Por Eugenia Flores de Molinillo
PARA LA GACETA - TUCUMAN
La Guerra de Secesión (1861-1865) llega a su fin. Lo peor parecía ser ya cosa del pasado. Los cañones, los rifles, se iban silenciando. La humareda ya dejaba de opacar el perfil de las arboledas en los hermosos valles sureños, renovados por la primavera. Los gritos de mando y los quejidos intermitentes de los heridos se iban apagando.
Han pasado 150 años desde el 9 de abril de 1865, cuando el General de las tropas de los Estados Confederados de América, Robert E. Lee, se rendía al General Ulysses Grant, comandante de las tropas de los Estados Unidos de América. Algunas unidades del debilitado ejército rebelde seguirían su lucha hasta junio en otros puntos del vasto escenario de esa guerra que dejaría más de 600.000 víctimas.
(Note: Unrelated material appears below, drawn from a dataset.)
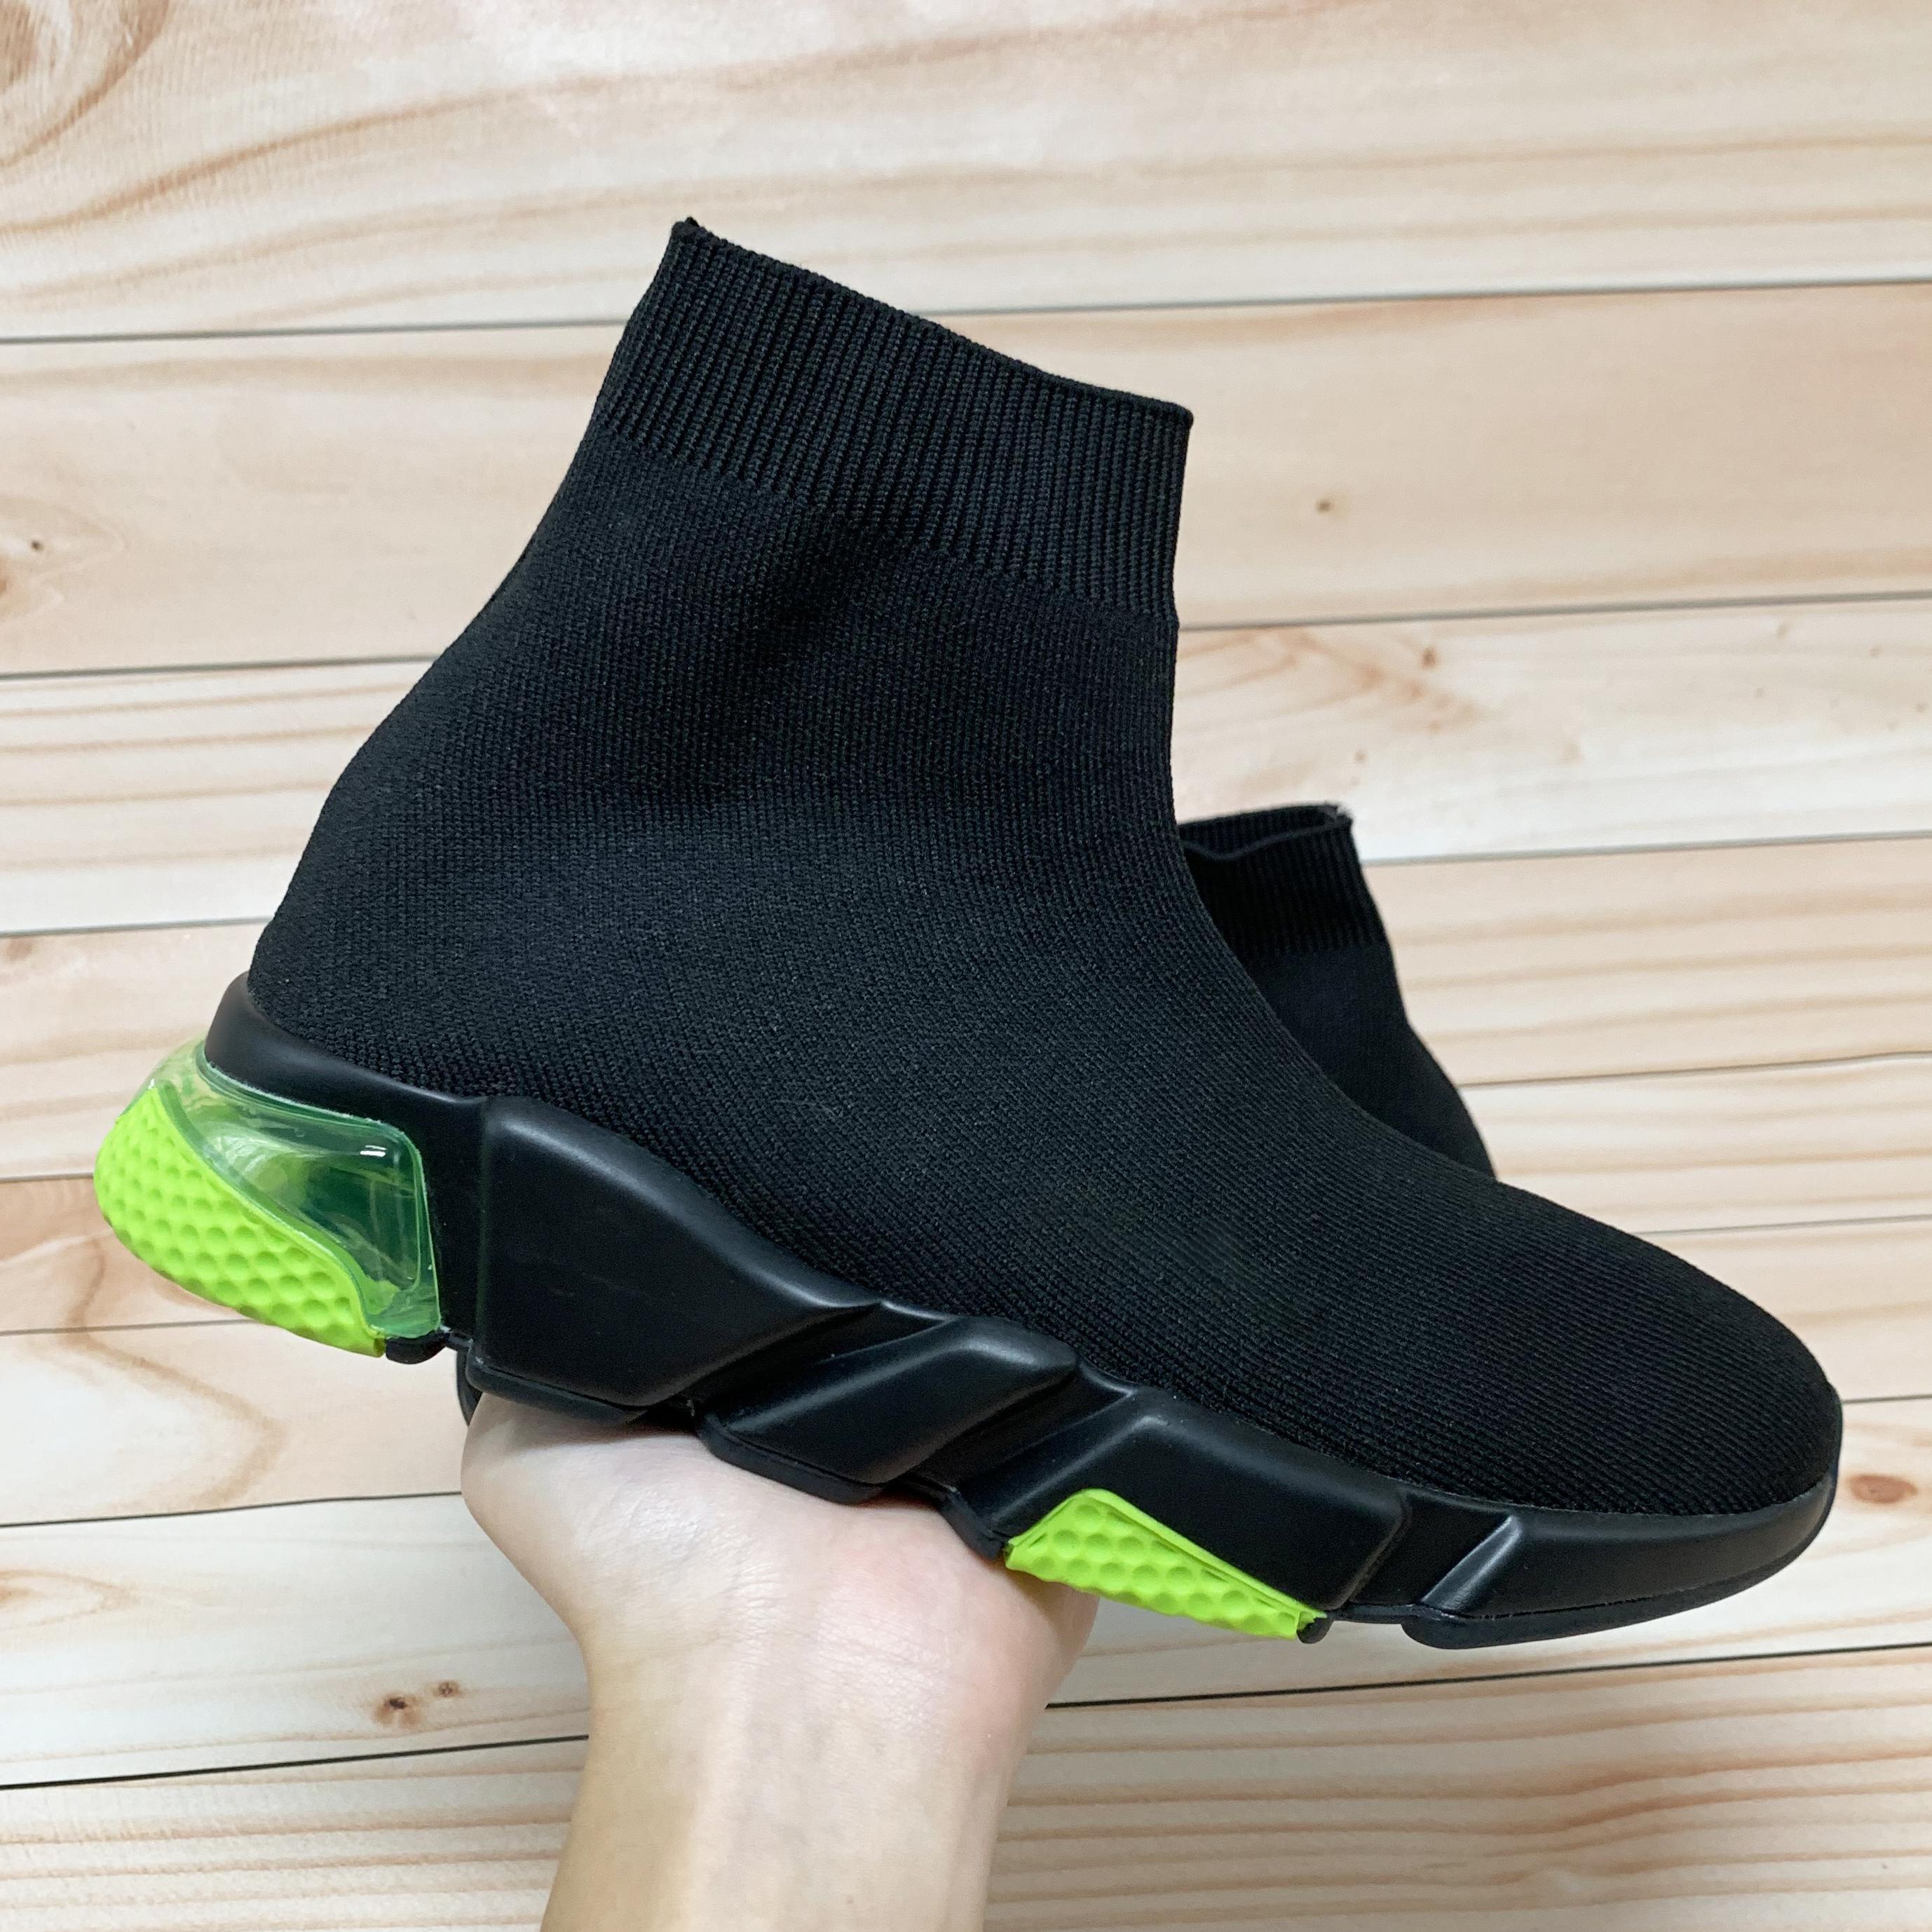 Novo Treinador de Velocidade de Paris Limpar Sneakers Sneakers Borgonha Oreo Triplo Preto Branco Branco Fluo Fluo Esticar Mulheres Mulheres Running Shoes US 5.5-11

Tras cuatro años, había fracasado el intento de crear una nación aparte, capaz de sostener su economía con el trabajo de unos cuatro millones de esclavos de origen africano.
La capital, Washington, comenzaba a revivir. El Presidente Abraham Lincoln, con las arrugas marcando en su rostro el horror de la lucha fraticida, fue con su esposa al teatro Ford la noche del 14 de Abril de 1865. También fue al teatro un ex-espía sureño, actor mediocre y fanático defensor de la esclavitud y la Confederación, pero no precisamente para ver Mi primo americano, la obra de esa noche. Su misión era otra, y la cumplió a la perfección: disparar al presidente. Siguiendo su impulso actoral, John Wilkes Booth saltó luego al escenario y gritó las palabras que supuestamente dijera Bruto –Plutarco lo niega– al apuñalar a Julio César: Sic semper tyrannis, “Así siempre a los tiranos”. El sol del 15 de abril comenzaba a iluminar la cúpula del Capitolio cuando el Presidente Lincoln moría.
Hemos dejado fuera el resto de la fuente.